You're going to have to really work on NOT SPEAKING negatively to him about his SD. I use to and all it does is make your DH defend them *to the death*.....and leaving you sitting there with the dumb *deer in the headlights* look on your face, cause you're trying to figure out the idiot-blind-loyalty he's got with her, and what did you say that could really offend him so much????

They have a BOND, since birth, and if you attack someone who has a bond with another person, you are going to cause that person to go in to warp-speed defensive mode, and they'll throw up the force field shield quicker than you can blink.

It's what caused a lot of our fights.....

....it's why I come here now and can call my bratty-self-entitled SD's the little shits that they are.......it's a release, and it keeps the negativity out of our (DH) relationship, and ultimately, it DOES bring peace between the two of you.

Stop thinking about them, stop worrying about what he does with them or does for them, stop talking about them in great detail to him, and mostly, stop forming opinions and sharing them with him.

It's OK for him to go spend time exclusively with them. He comes home to you, right? These are only visits, correct?

Make sure he knows, you are not to be part of their conversations, because your relationship with him is seperate from his relationship with them.

You don't have to *like* anyone, so for him to say that specifically about how you feel about his daughter, is him in defensive mode. Make it clear, you do not approve of how she treats you and for your emotional heath and well being, do not need to be a part of her life. Turn it around, or he'll start to resent you.

Rosie7's picture

We have had lots of fights; not pleasant at all and they have resolved nothing really.

Your response is very valuable and you have obviously experienced a very similar situation to mine. I am not sure if the relationship is recoverable, its going to take an enormous effort (and emotional intelligence) on both parts to bring it around.
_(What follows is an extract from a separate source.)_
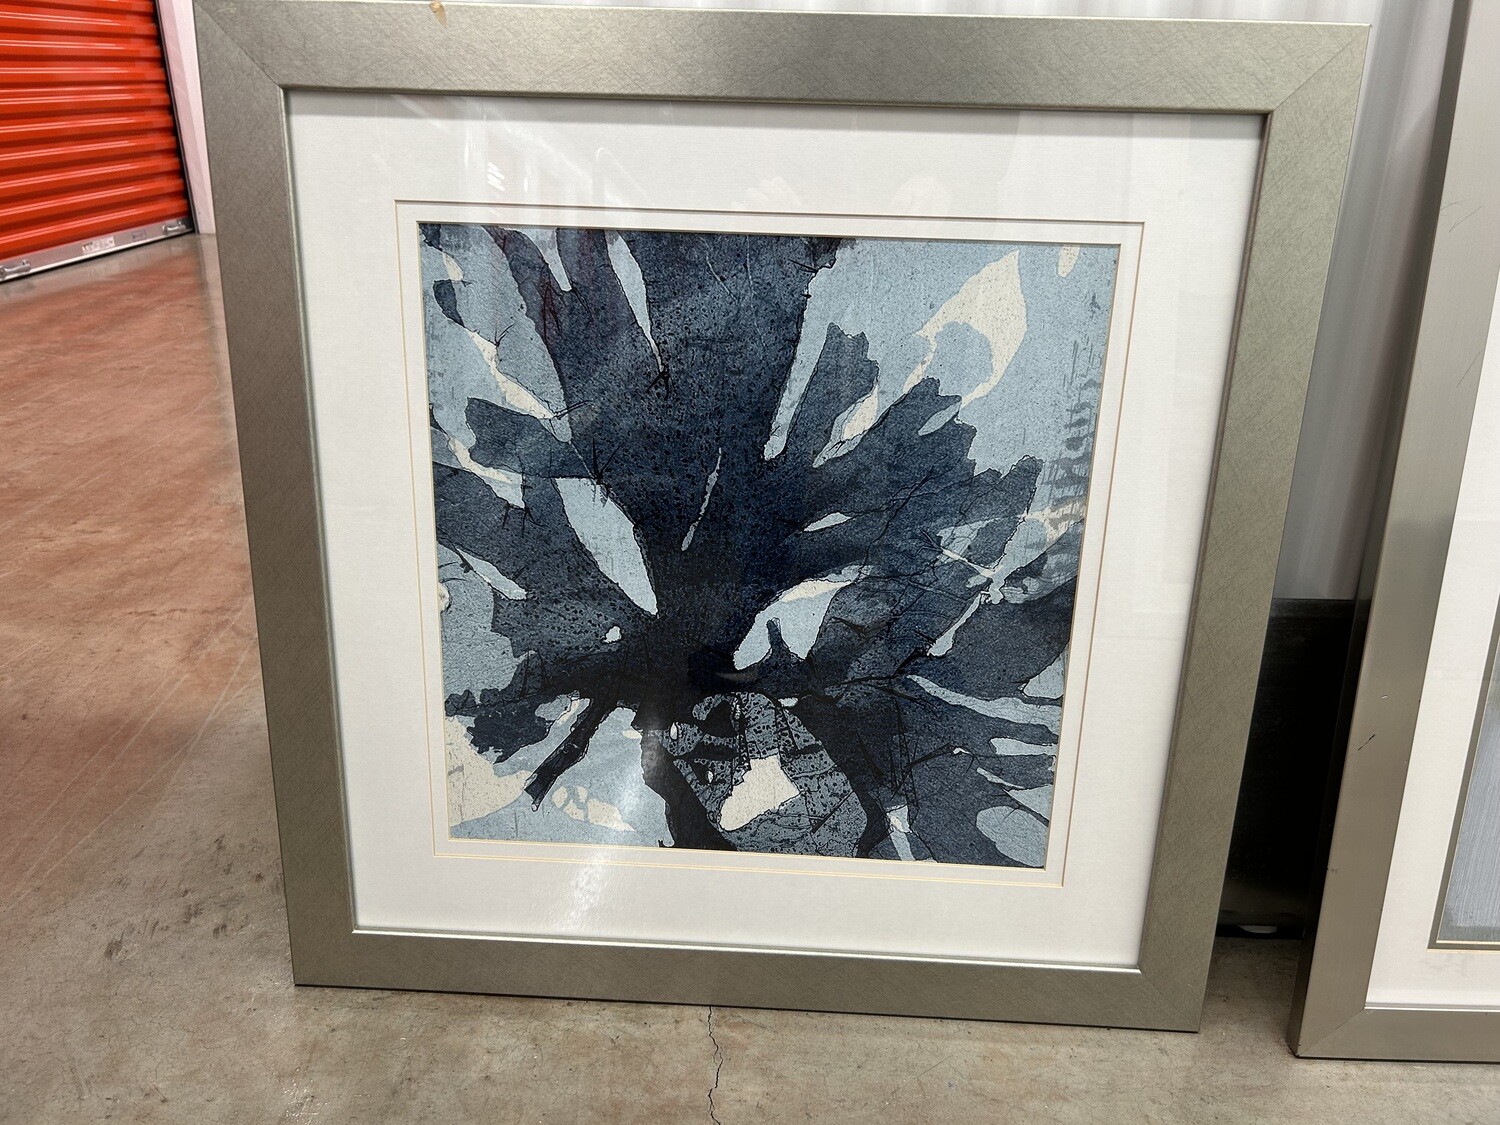 Framed Art: Blue Leaves #2214 ** 9 mos. to sell, clearance + 30% off

Thank you for bringing clarity and intelligence to my situation.

I wish I could call her a self-entitled little shit and feel good about it.....but these words do not do justice to her at all - but its a start!!!!!!

Jeans222's picture

I have noticed with my husband, much of the problems with his daughters bad behavior is because of him...

Jeans222's picture

My husband is going to be able to write a book on this subject in about a year. He told me his ex cheated on him for years and even tried to kill him
yet he chooses his slutty foul mouthed daughter over me as he wants me to conform to her lifestyle and ideals and thats not going to happen.
By the time his daughter and his ex ( her mother) are through with him... he will be singing the blues. I even found his daughters myspace page how she goes on and on how much she hates him...

but he chooses her.
What a fool I married. I'm wayyyyyyyyyy to good for him, apparently.

geez what a bad day and I'm sick on top of all this.

stepgin's picture

My situation is pretty similar. I will say that as wife #3, DH wants this to work so he is willing to compromise. I have learned to change how I approach the topic of his 2 totally loser offspring too. I'm a huge advocate of family counciling. It really helped me deal with some of the stupid crap that's been shoveled my way by his kids. His daughter 34 is the worst though. An absolute bitch in my opinion. DH gets defensive when she comes up and ALWAYS defends her. I've learned to not bring her up. Smile
Like me, most of you probably thought that the whole step family issue wouldn't really be an issue since these stepkids are adults. Wow! Could we have been more wrong??? Hang in there and keep trying. It may get better.

sandye21's picture

Just wondering how long you have been married to DH? It sounds as if it has been at least 5 years. I agree it sucks.